Migrates nll_loss_forward from TH to Aten (CUDA) #60097

thomasjpfan · 2021-06-16T15:21:40Z

Fixes #24610
Aten Umbrella issue #24507
Related to #59765

The performance does not change between this PR and master with the following benchmark script:

Benchmark script

import torch
import torch.nn as nn
import time

torch.manual_seed(0)


def _time():
    torch.cuda.synchronize()
    MS_PER_SECOND = 1000
    return time.perf_counter() * MS_PER_SECOND


device = "cuda"
C = 30
softmax = nn.LogSoftmax(dim=1)
n_runs = 250

for reduction in ["none", "mean", "sum"]:
    for N in [100_000, 500_000, 1_000_000]:
        fwd_t = 0
        bwd_t = 0
        data = torch.randn(N, C, device=device)
        target = torch.empty(N, dtype=torch.long, device=device).random_(0, C)
        loss = nn.NLLLoss(reduction=reduction)
        input = softmax(data)

        for i in range(n_runs):
            t1 = _time()
            result = loss(input, target)
            t2 = _time()
            fwd_t = fwd_t + (t2 - t1)
        fwd_avg = fwd_t / n_runs
        print(
            f"input size({N}, {C}), reduction: {reduction} "
            f"forward time is {fwd_avg:.2f} (ms)"
        )
    print()

master

input size(100000, 30), reduction: none forward time is 0.02 (ms)
input size(500000, 30), reduction: none forward time is 0.08 (ms)
input size(1000000, 30), reduction: none forward time is 0.15 (ms)

input size(100000, 30), reduction: mean forward time is 1.81 (ms)
input size(500000, 30), reduction: mean forward time is 8.24 (ms)
input size(1000000, 30), reduction: mean forward time is 16.46 (ms)

input size(100000, 30), reduction: sum forward time is 1.66 (ms)
input size(500000, 30), reduction: sum forward time is 8.24 (ms)
input size(1000000, 30), reduction: sum forward time is 16.46 (ms)

this PR

input size(100000, 30), reduction: none forward time is 0.02 (ms)
input size(500000, 30), reduction: none forward time is 0.08 (ms)
input size(1000000, 30), reduction: none forward time is 0.15 (ms)

input size(100000, 30), reduction: mean forward time is 1.80 (ms)
input size(500000, 30), reduction: mean forward time is 8.24 (ms)
input size(1000000, 30), reduction: mean forward time is 16.46 (ms)

input size(100000, 30), reduction: sum forward time is 1.66 (ms)
input size(500000, 30), reduction: sum forward time is 8.24 (ms)
input size(1000000, 30), reduction: sum forward time is 16.46 (ms)

facebook-github-bot · 2021-06-16T15:21:46Z

💊 CI failures summary and remediations

As of commit e7877ec (more details on the Dr.
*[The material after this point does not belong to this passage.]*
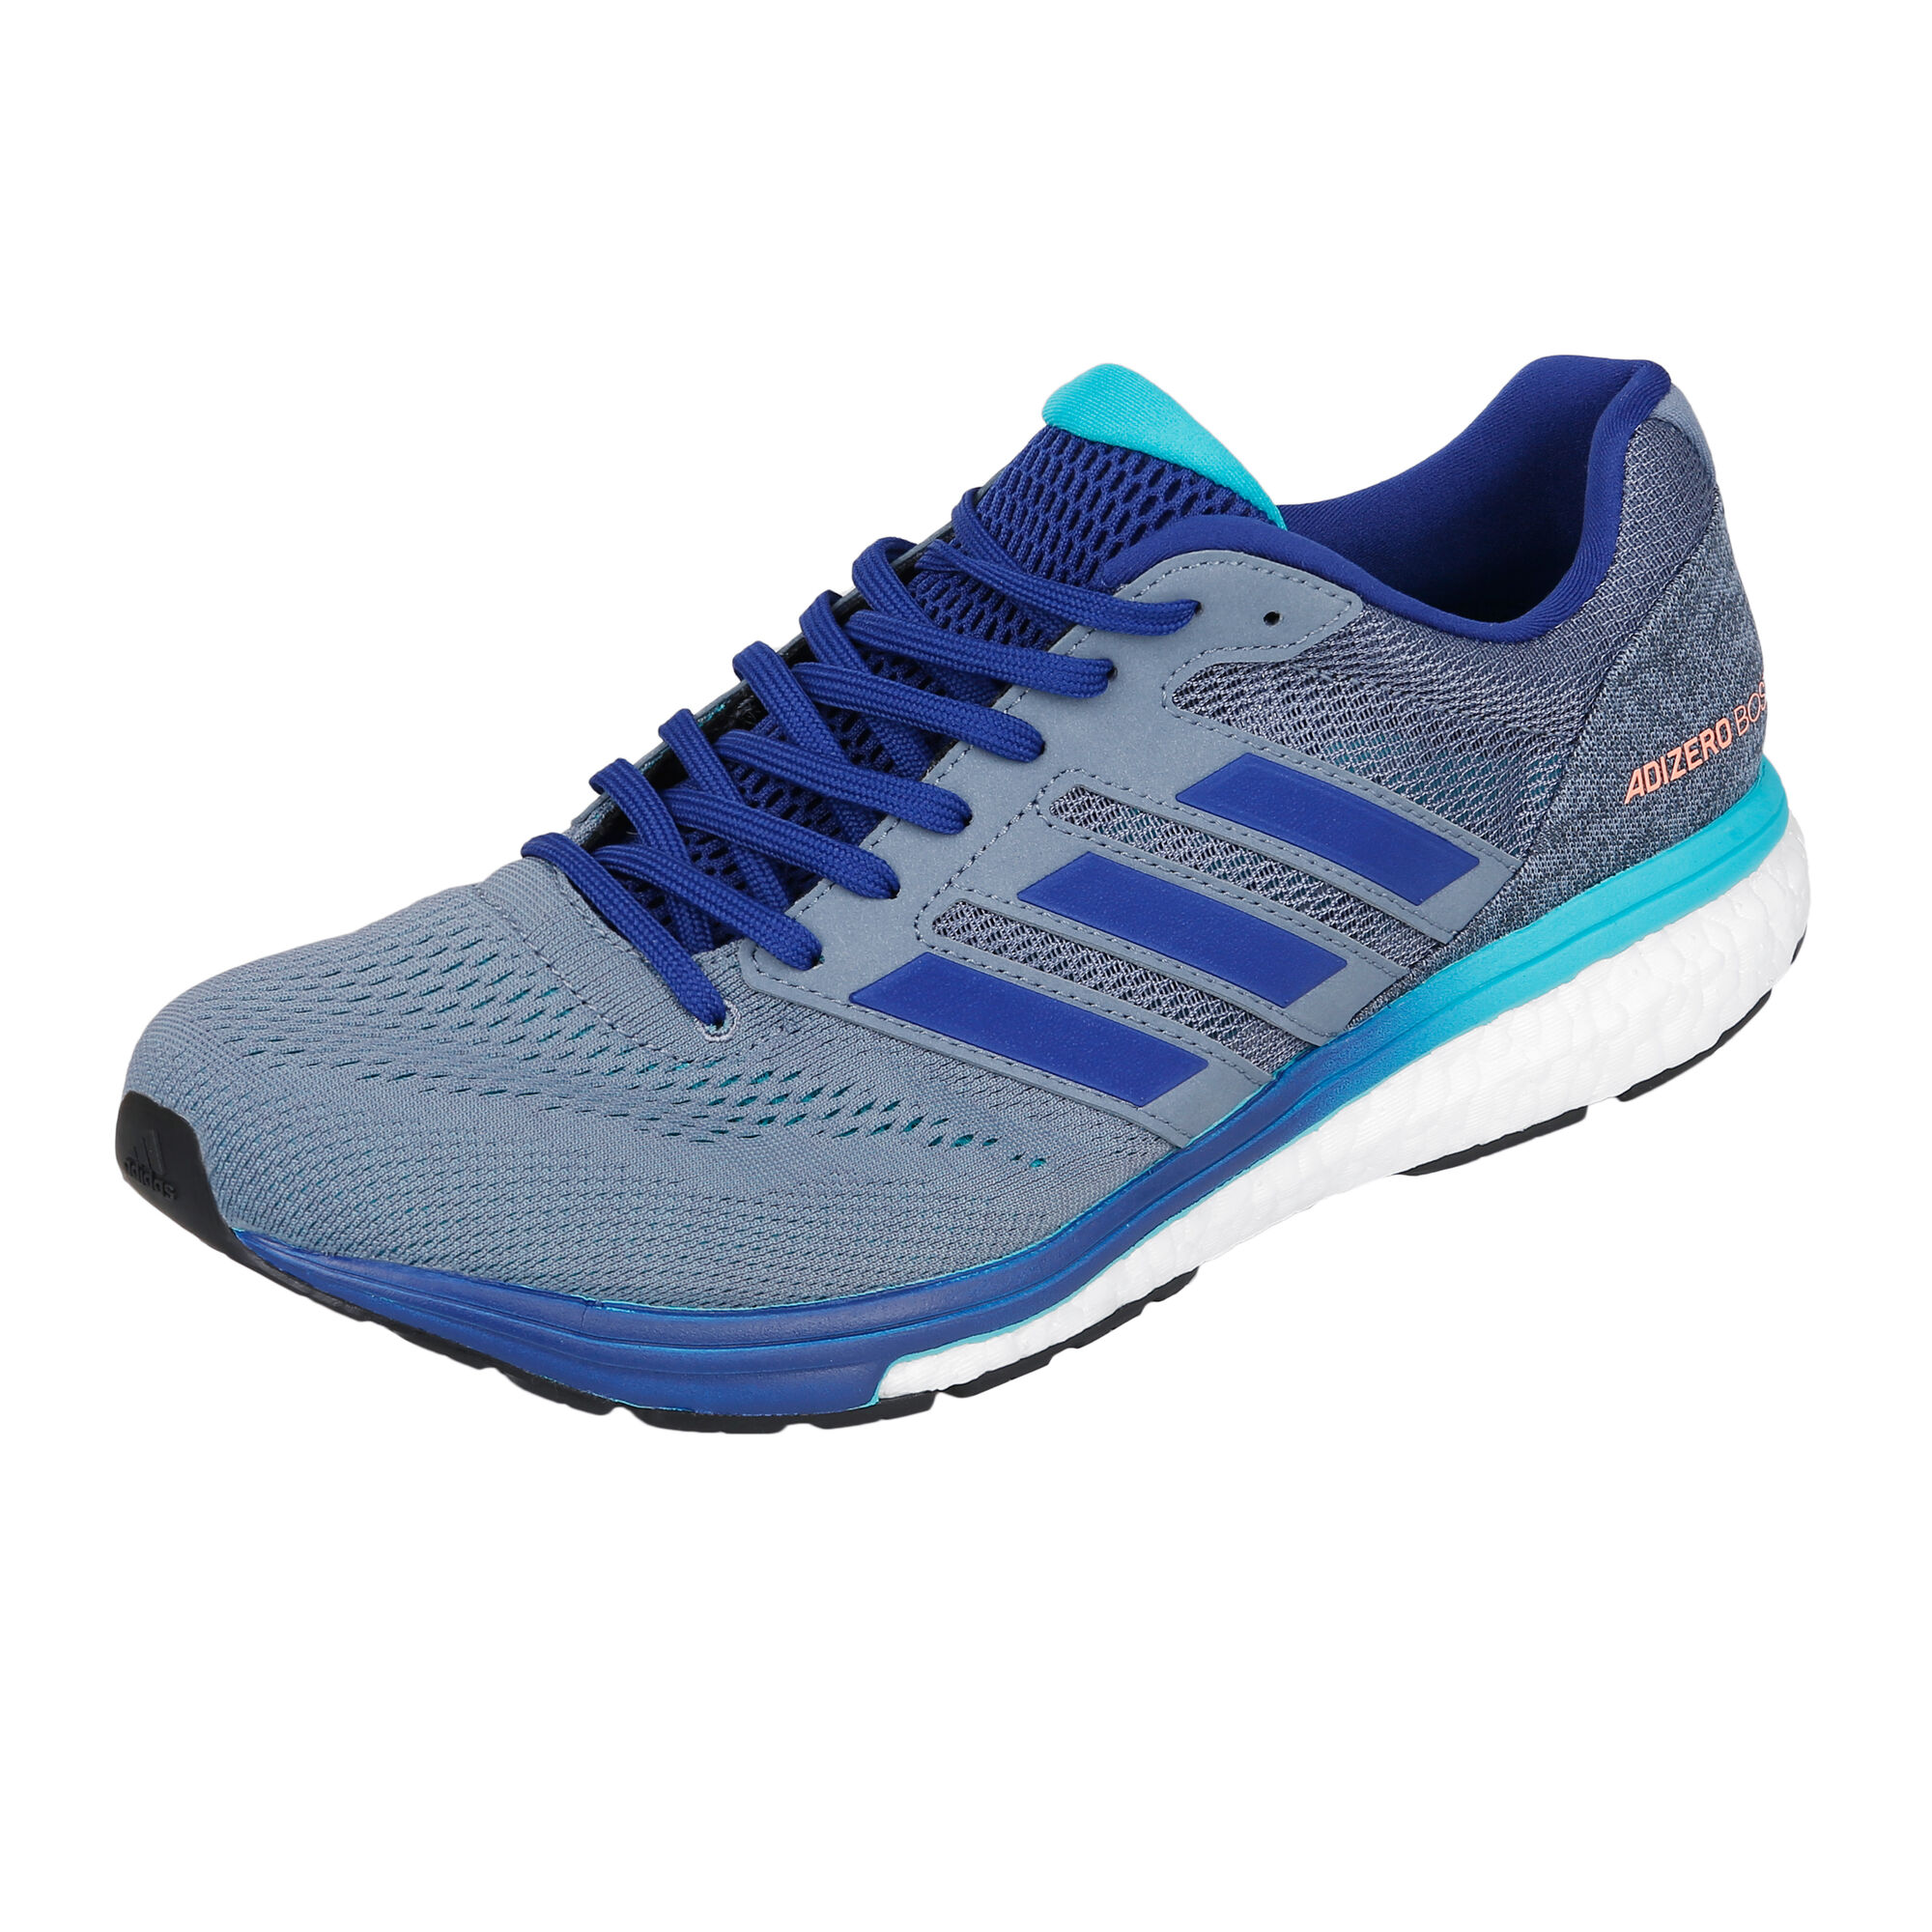 new concept 37e97 6b660 adidas · adidas · adidas · adidas · adidas · adidas · adidas · adidas ·  adidas. Adizero Boston 7 ...

CI page and at hud.pytorch.org/pr/60097):

2/2 failures possibly* introduced in this PR
- 1/2 non-scanned failure(s)

🕵️ 1 new failure recognized by patterns

The following CI failures do not appear to be due to upstream breakages:

pytorch_xla_linux_bionic_py3_6_clang9_test (1/1)

Step: "Run tests" (full log | diagnosis details | 🔁 rerun)

Jun 23 05:28:19 AssertionError: False is not tr... was 1.0 (1.0 vs. 0.0), which occurred at index 0.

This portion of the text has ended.